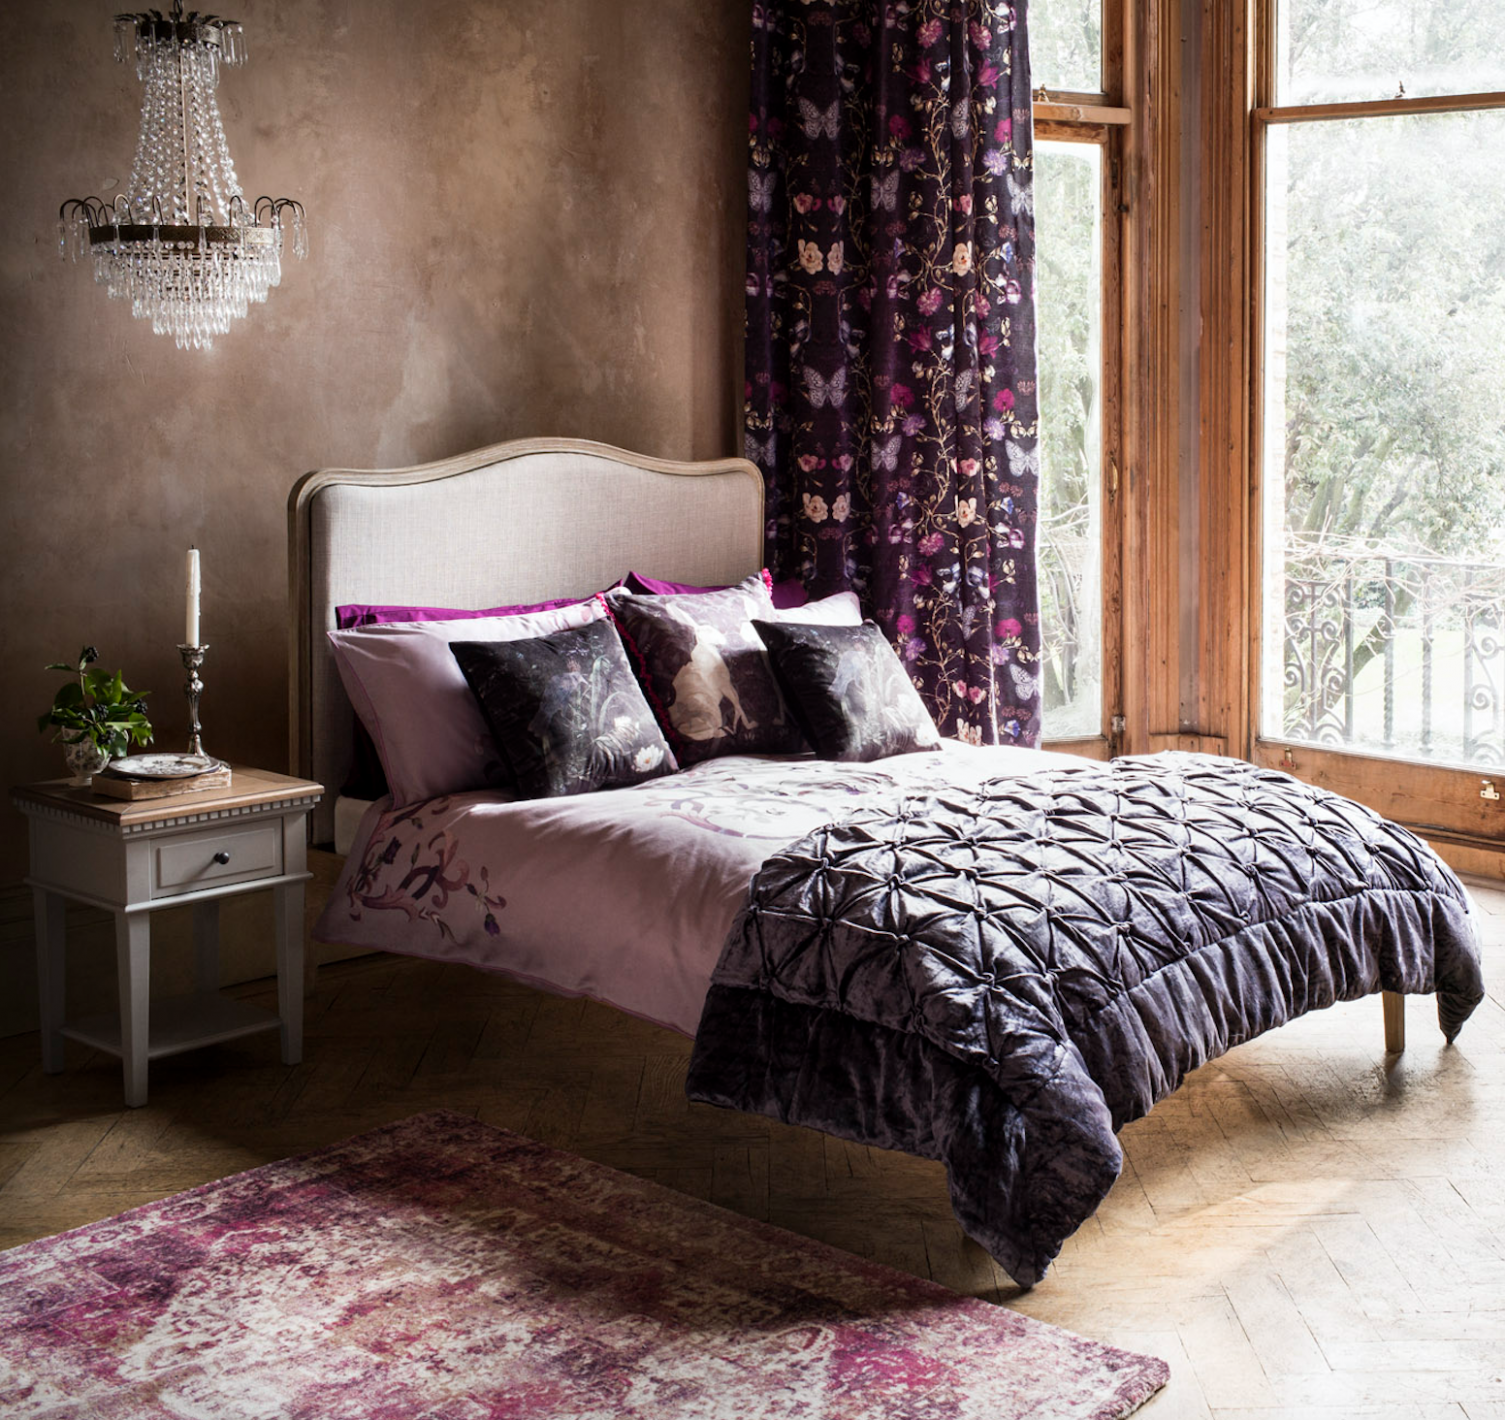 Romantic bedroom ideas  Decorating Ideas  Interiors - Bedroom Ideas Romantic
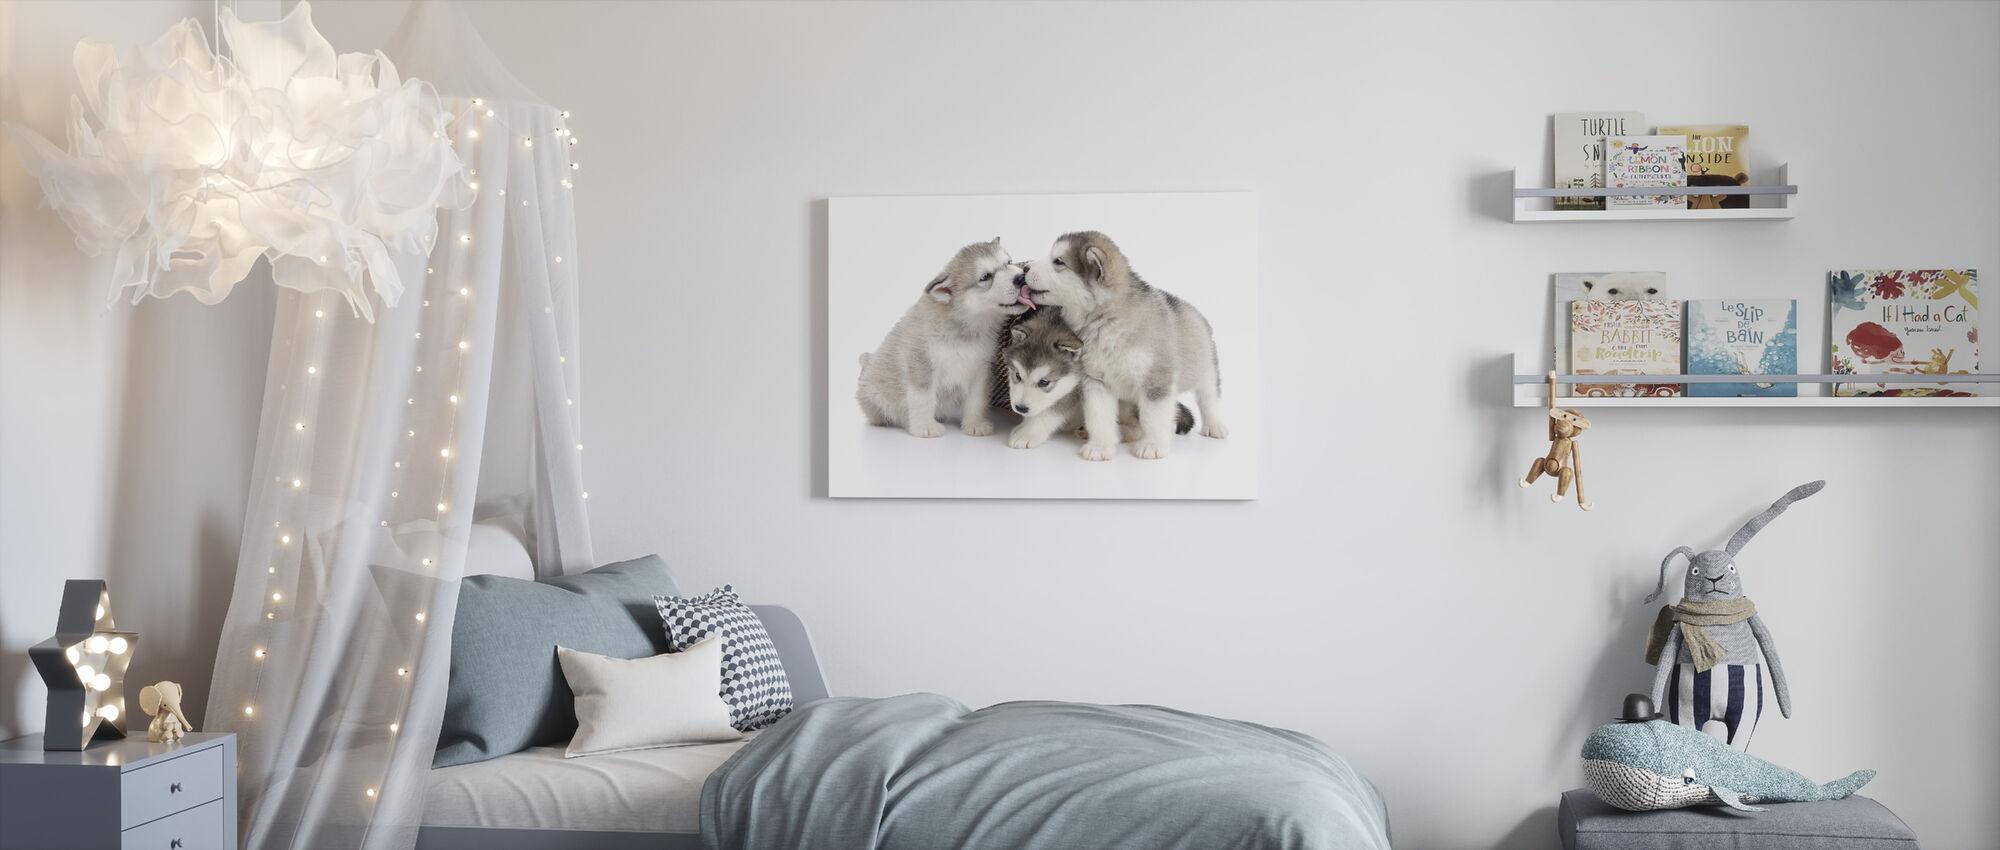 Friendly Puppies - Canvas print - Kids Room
* * *
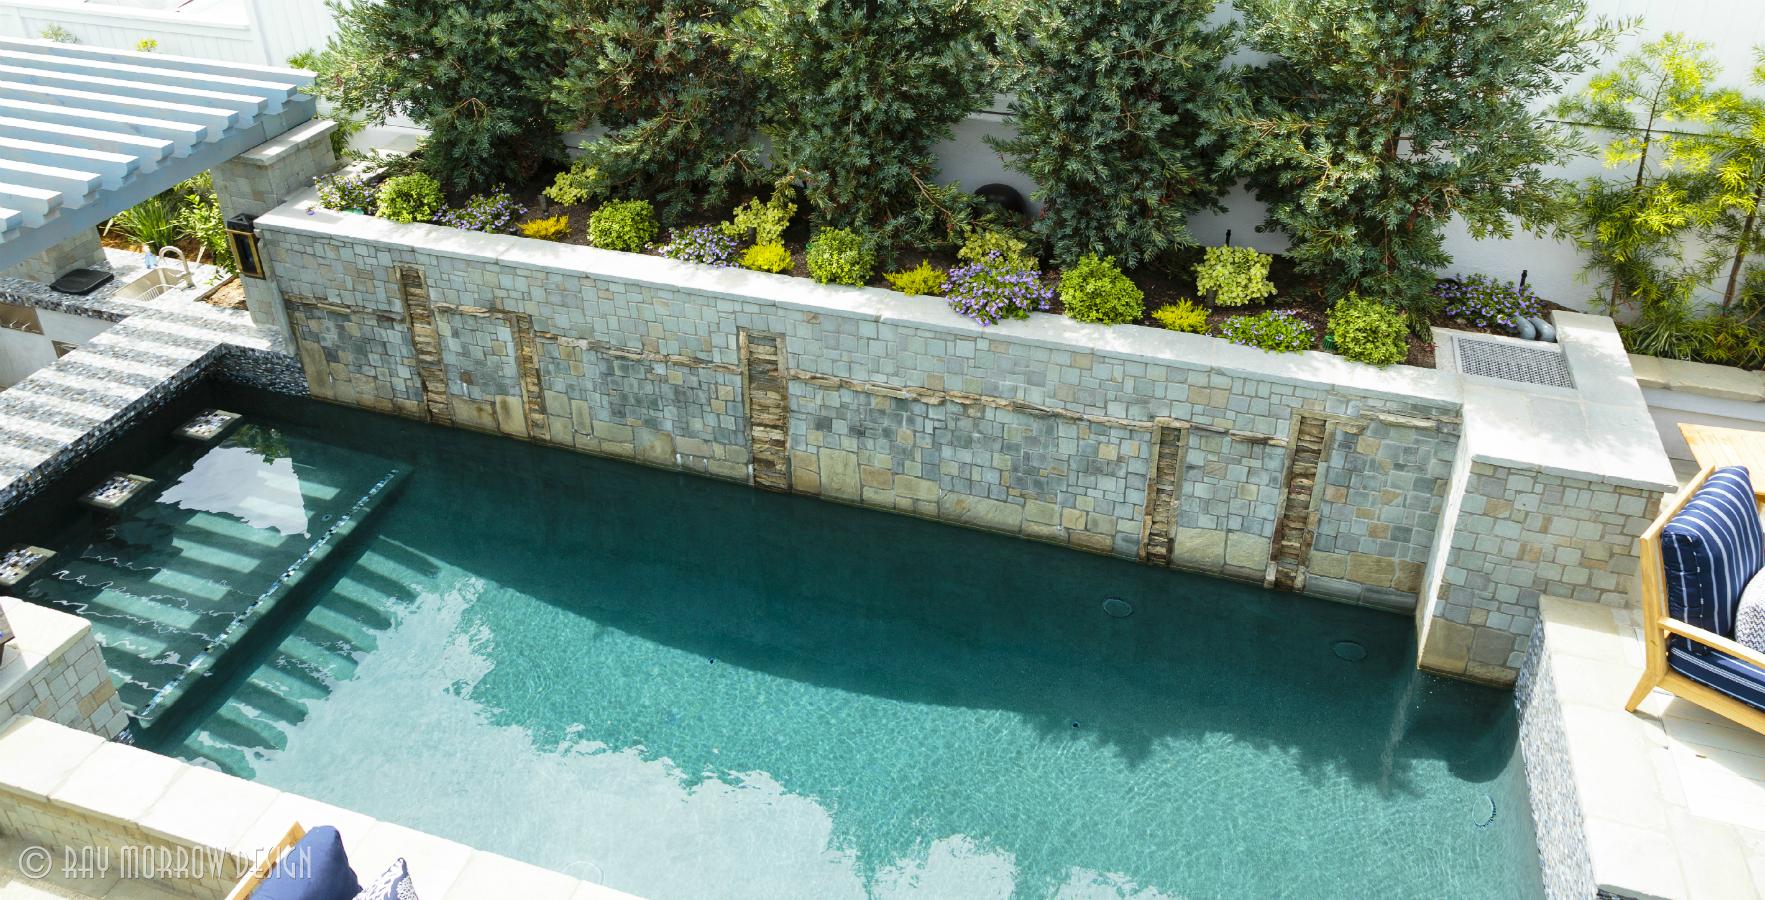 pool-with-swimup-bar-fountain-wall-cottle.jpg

▸ Exercise details
Starting at the line with "Romantic bedroom ideas" and finishing at the line with "Friendly Puppies - Canvas print - Kids Room", copy the material above exactly, both lines included. Nothing else goes in, and no pictures.

▸ Exercise solution
 Romantic bedroom ideas  Decorating Ideas  Interiors - Bedroom Ideas Romantic
 Friendly Puppies - Canvas print - Kids Room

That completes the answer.